On Saturday, January 7, 2017 at 2:09:45 PM UTC+13, JF Mezei wrote:
On 2017-01-05 21:52, William Mook wrote:

Campaigning along Florida’s “Space Coast” near NASA’s Kennedy Space Center, Trump vowed to revitalize the agency through cost-saving partnerships with the burgeoning commercial space industry.



Political time filling meaningless words.


That depends. If Space-X is an example of a burgeoning commercial space industry, and buying a reusable rocket is entering a cost-saving partnership, according to Musk the agency can expect to save a lot of money. Similarly, if NASA enters a cost-saving partnership with someone who is building a network of 4000 telecommunications satellites to blanket the Earth with broadband, then they can dispense with their own telecom satellites and share in substantial cost savings going forward. Ditto for working with companies that plan to settle Mars.

http://spacenews.com/spacex-opening-...nd-satellites/

https://spaceflightnow.com/2016/03/3...or-40-million/

http://www.space.com/34213-spacex-in...in-images.html




In fact, NASA has already done that by going with SpaceX, OrbitalATK,
and to a lesser extent giving Boeing subsidies to develop its CST100.

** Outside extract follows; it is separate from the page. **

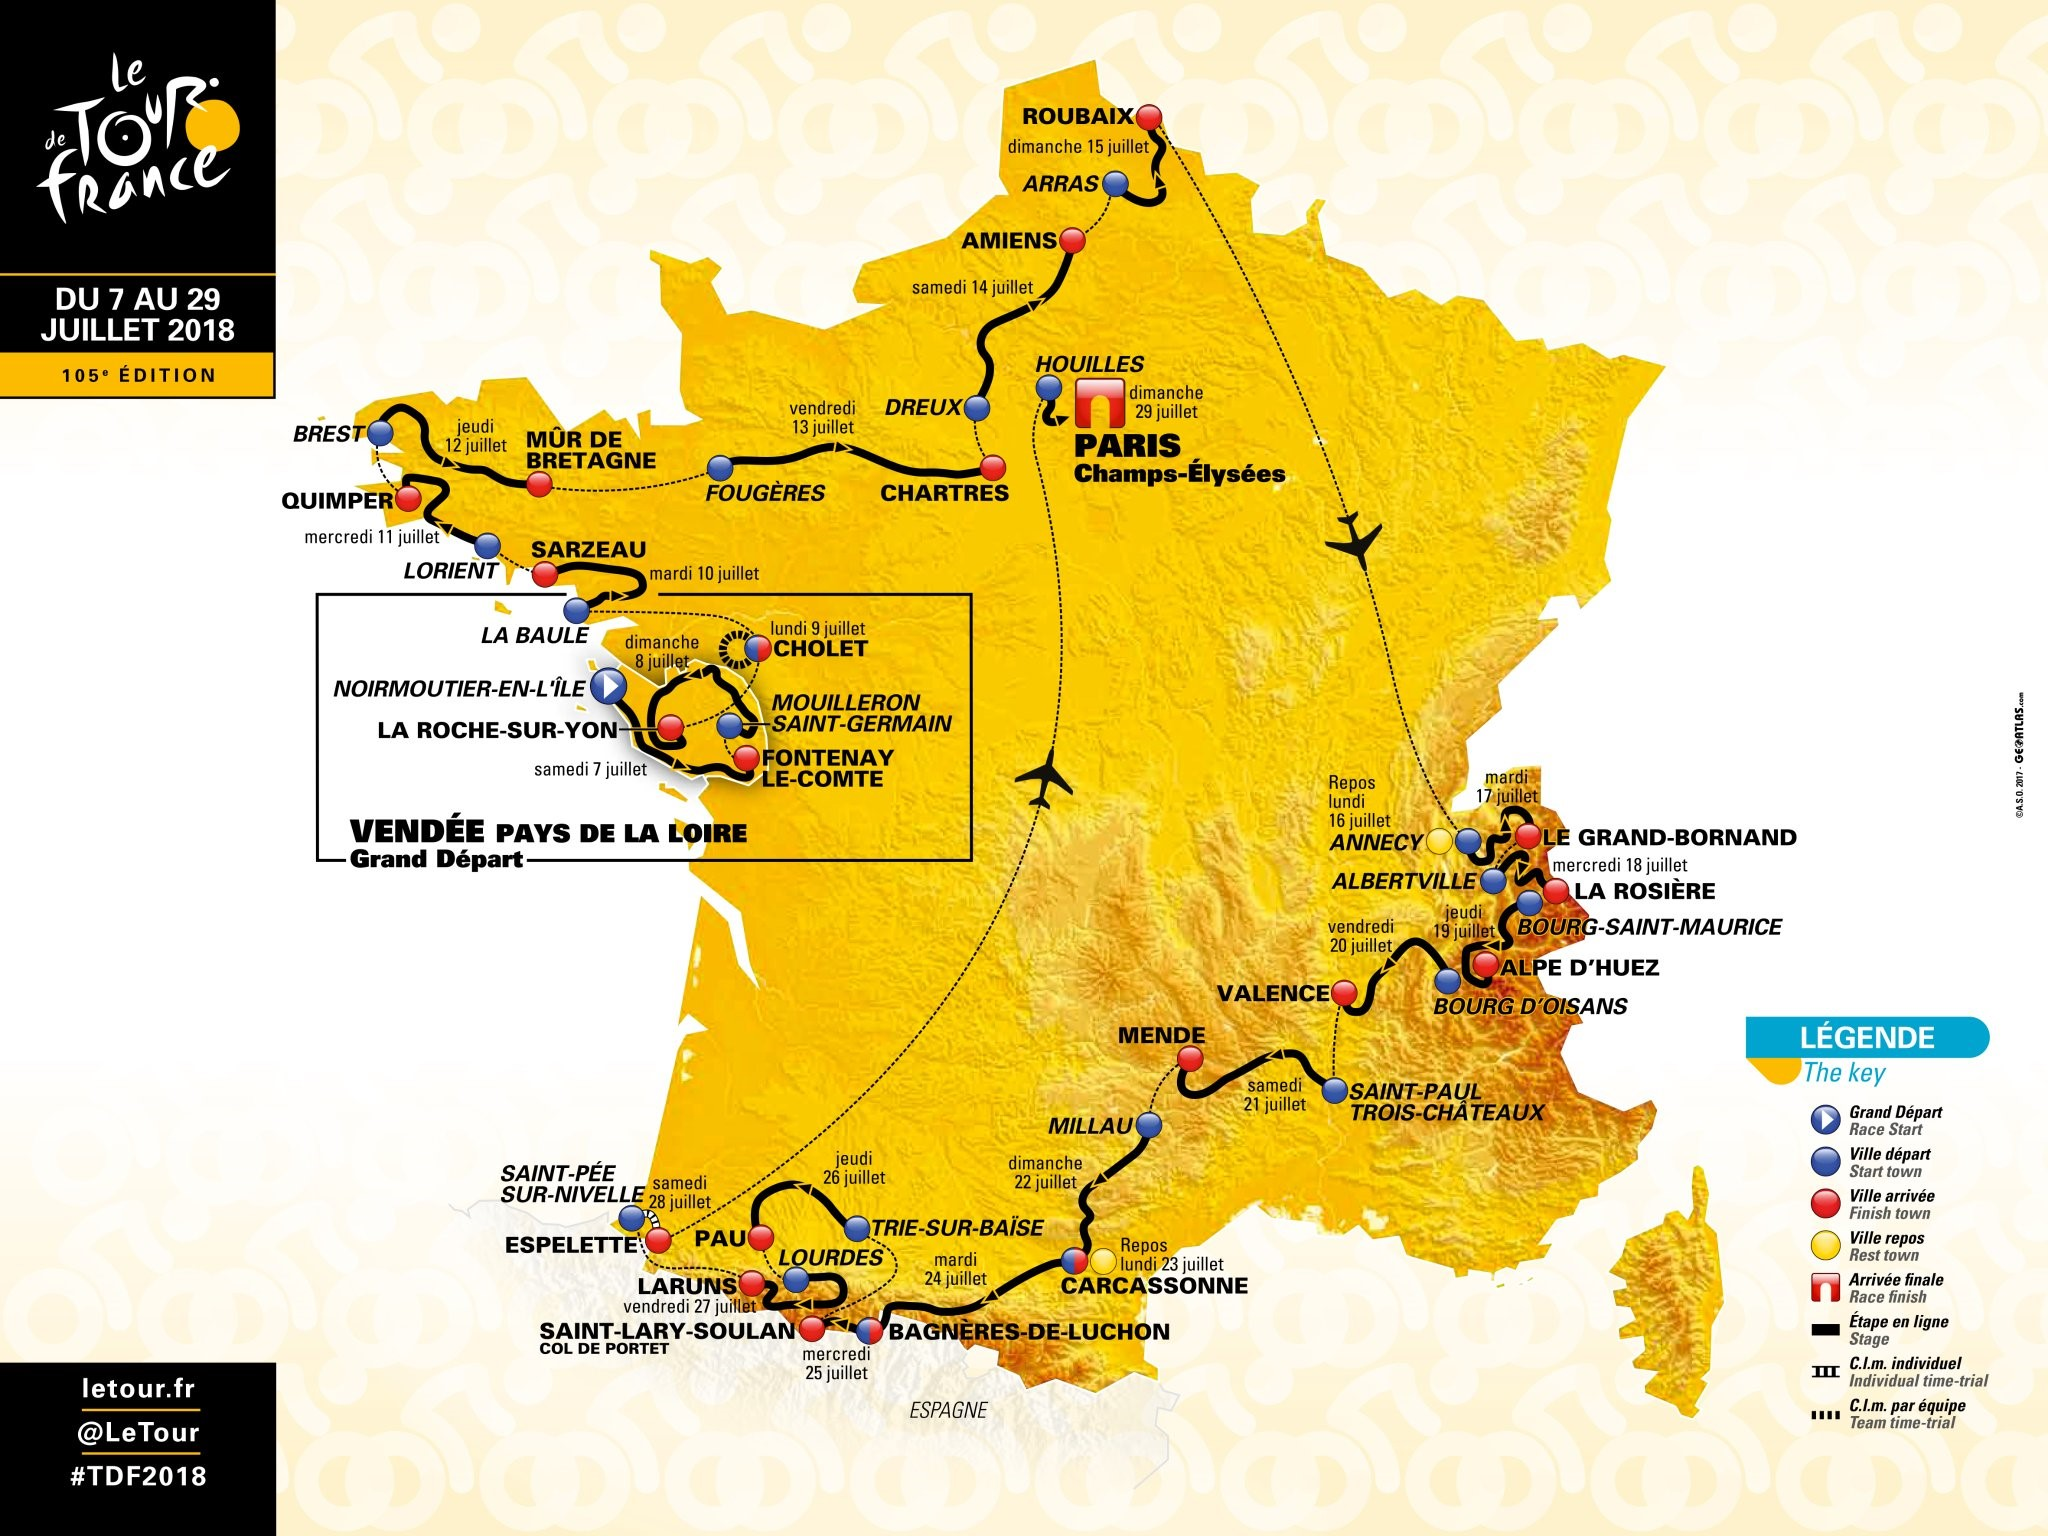 La carte du Tour de France 2018

https://www.nasa.gov/launchschedule/

http://spaceflightnow.com/launch-schedule/

NASA is spending close to $20 billion in 2017 and very little of it is on partnerships that will save the agency money.

Trump has priorities, and NASA isn't one of them.

My guess is that he will deflect to Congress/Senate any stuff that he is
not interested in. And NASA may be one of many such things.

We'll see.



New opportunities for private sector initiatives will arise in the wake of NASA restructuring.